Bakkavör Group plc
- Company type: Subsidiary
- Industry: Food manufacturing
- Founded: 1986; 40 years ago
- Founders: Ágúst Guðmundsson Lýður Guðmundsson
- Defunct: January 16, 2026; 4 months ago
- Headquarters: London, England, UK
- Number of locations: 43
- Area served: United Kingdom; Spain; France; United States; China (including Hong Kong);
- Key people: Simon Burke (Chairman); Mike Edwards (CEO);
- Products: Ready meals; soups; sauces; prepared fruits and vegetables; salads; desserts; dips; pizzas;
- Revenue: £2,292.7 million (2024)
- Operating income: £113.6 million (2024)
- Net income: £55.7 million (2024)
- Owner: Greencore
- Number of employees: c. 17,450 (2025)
- Divisions: Meals Desserts Pizza & Bread Salads
- Website: www.bakkavor.com

= Bakkavör =

Food manufacturing company

Bakkavör Group plc (originally Bakkavör) was an international food manufacturing company specialising in fresh prepared foods. With its headquarters in London, England, it operated 43 manufacturing sites in the UK, US, and previously China.

Previously listed on the London Stock Exchange (LSE), it was acquired by Greencore in January 2026.

==History==
Bakkavör was founded in 1986 by brothers Ágúst and Lýður Guðmundsson to manufacture and export cod roe to Scandinavia. In 1993, it became the first production company in Iceland to obtain a ISO:9002 certification for quality assurance.

In 1997, three years before it was revealed to have an annual turnover of over 4.5 billion ISK, the firm expanded into Scandinavian and European markets selling cod and lumpfish roe. In addition, it started selling convenience foods, acquiring Katsouris Fresh Foods, Wine & Dine, and Geest.

In early 2003, the company sold its Icelandic components to Fram Foods ehf. and began focusing on the UK market. Having employed over 13,000 people in 2005, Bakkavör was heavily indebted following the 2008 financial crisis, forcing its founders into emergency talks with its bondholders.

After the Guðmundsson brothers reacquired a major stake in Bakkavör from their investment firm Exista in 2009, it was delisted from NASDAQ OMX in Iceland the following year and became a private limited company. Lýður and Ágúst faced fraud charges in Iceland in 2012 relating to their ownership of Exista.

Between 2013 and 2015, it simplified its structure, selling its South African operation and a 40% stake in its Italian business later in the year, along with other operations in Continental Europe. The firm acquired US prepared foods manufacturer B. Robert's Foods in January 2015.

In January 2016, Bakkavör was acquired by a company controlled by its founders and by funds managed by The Baupost Group, called Bakk AL Holdings Limited, which took possession of approximately 89% of its outstanding shares.

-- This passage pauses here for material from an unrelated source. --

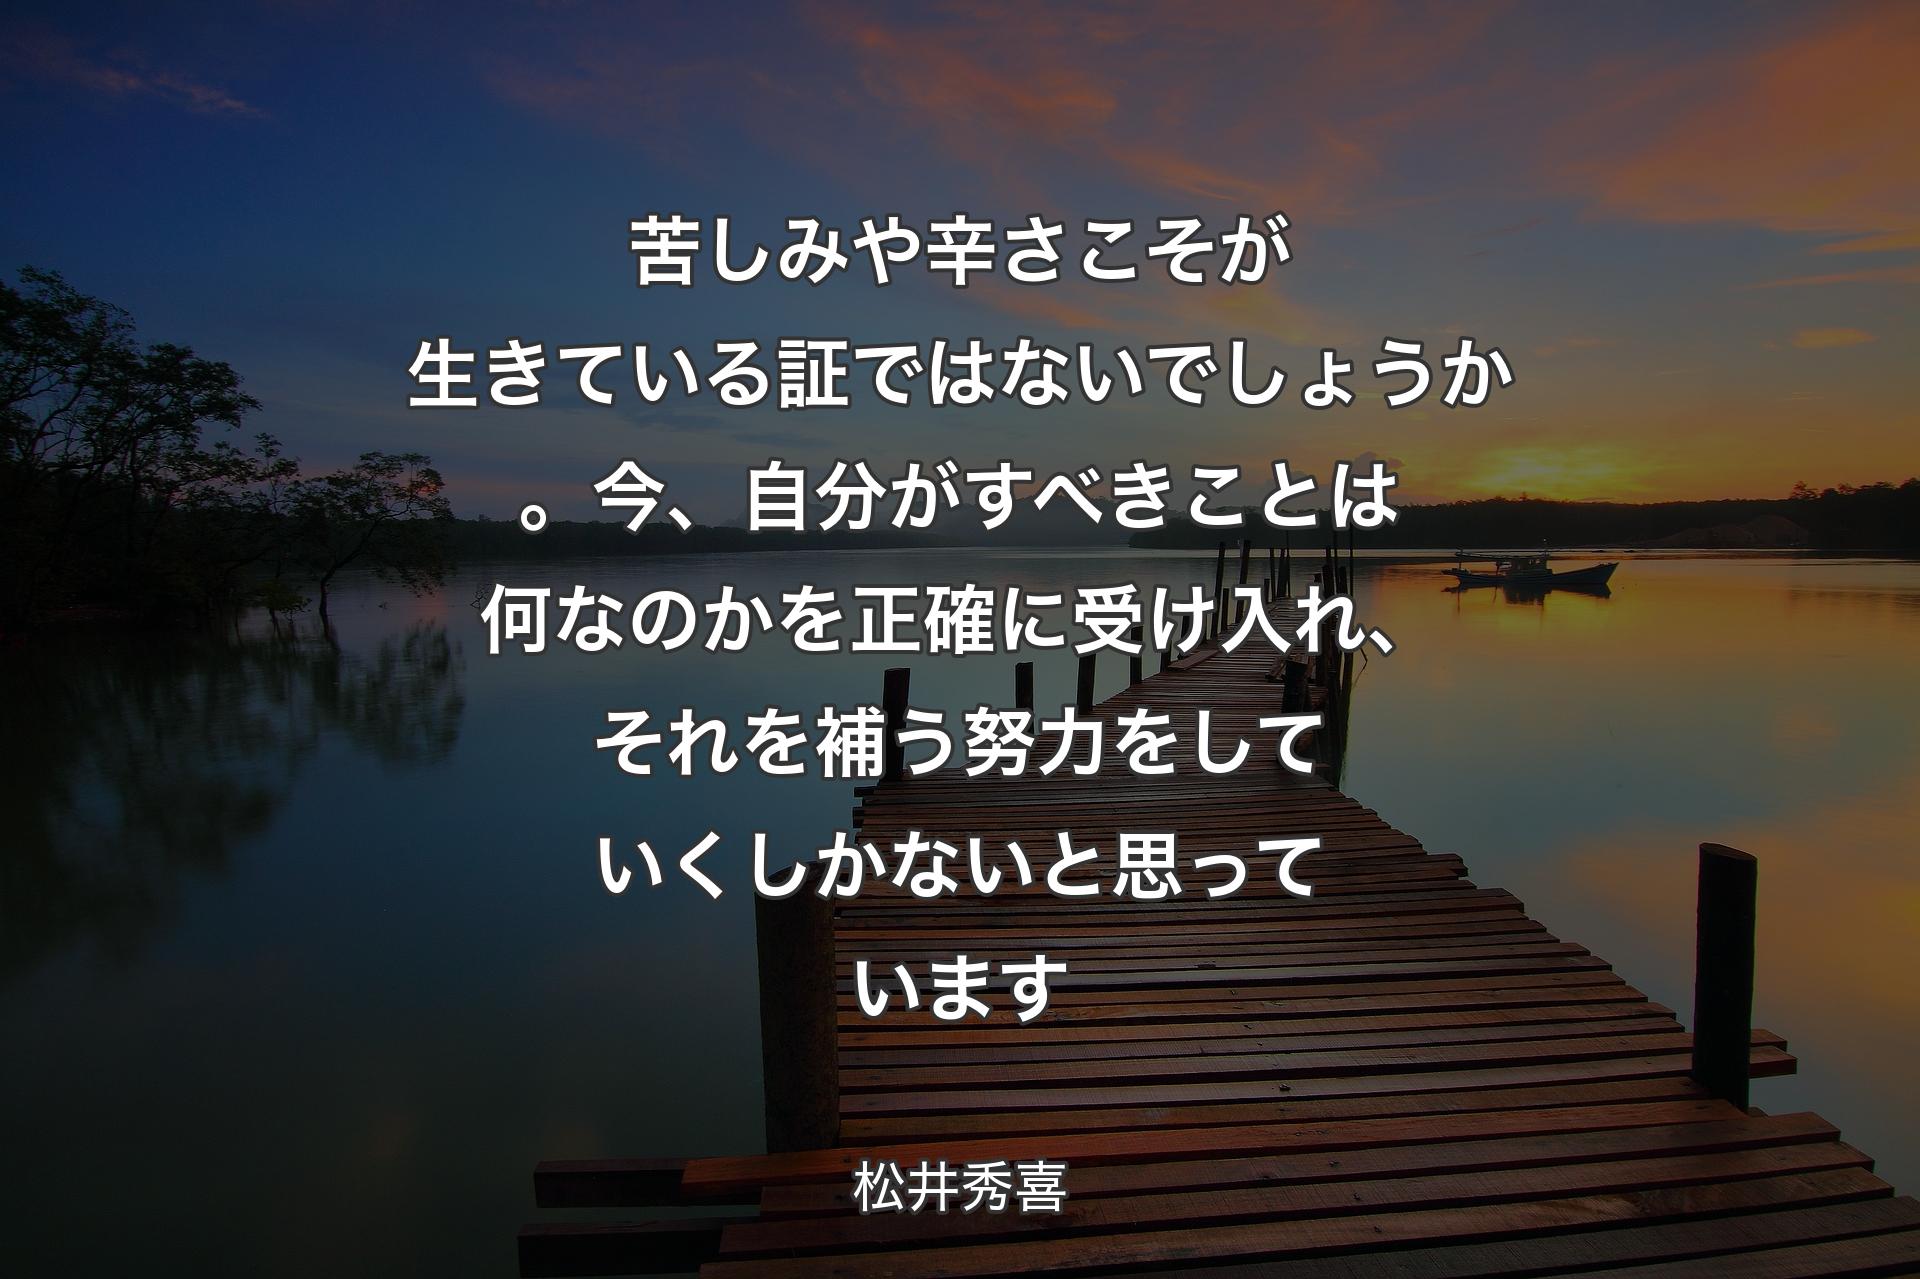 【背景3】苦しみや辛さこそが生きている証ではないでしょうか。今、自分がすべきことは何なのかを正確に受け入れ、それを補う努力をしていくしかないと思っています - 松井秀喜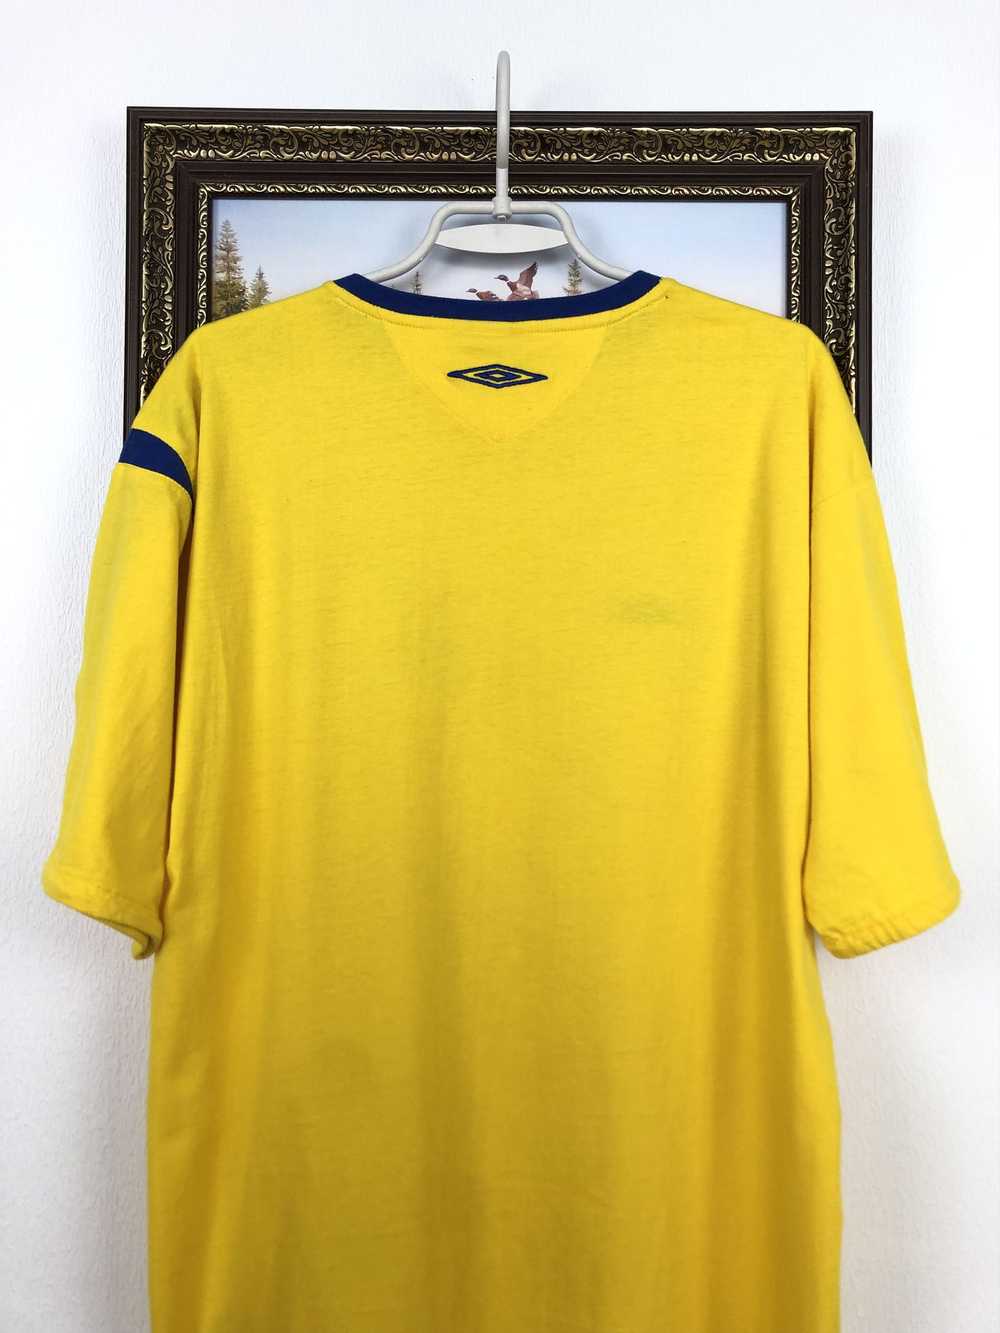 Soccer Jersey × Sportswear × Vintage Vintage Swed… - image 12

In April 2017, seven months before its IPO on the LSE, it was reported that some supermarkets had to recall the company's hummus due to poor quality control. In 2022, three years after Bakkavör acquired the Leicester-based dessert manufacturer Blueberry Foods, Mike Edwards was appointed to succeed Ágúst Guðmundsson as CEO following his departure.

In April 2025, Greencore announced it would acquire Bakkavör for £1.2 billion, subject to shareholder and regulatory approval. The China business was sold in July 2025 to streamline operations and prepare the business for the Greencore acquisition. As Greencore agreed to divest its sauces and soups site to address competition concerns, it was announced in December 2025 that it had received approval from the UK Competition and Markets Authority to finalize the transaction. The Greencore acquisition of Bakkavör was completed on 16 January 2026, with all sites being rebranded to the Greencore branding.

===Strike in Spalding, Lincolnshire===
On 27 September 2024, more than 400 staff at the Bakkavör factory in Spalding, Lincolnshire, went on a strike in a dispute over pay; Bakkavör said it had offered 7.8% pay rises to its lowest-paid workers and 6.4% to other staff. It said about 35% of the workforce was on strike, with the remaining 800 continuing to work at the site as normal.

In November, the Financial Times reported that the strike action was causing shortages of taramasalata in UK supermarkets, and The Grocer reported that some chilled soups were out of stock.

==Operations==
The company produced a range of meals, salads, desserts, dips, sauces, sandwiches and pizza and bread products. Bakkavör produced over 3,500 product categories to suppliers in the UK, United States and China.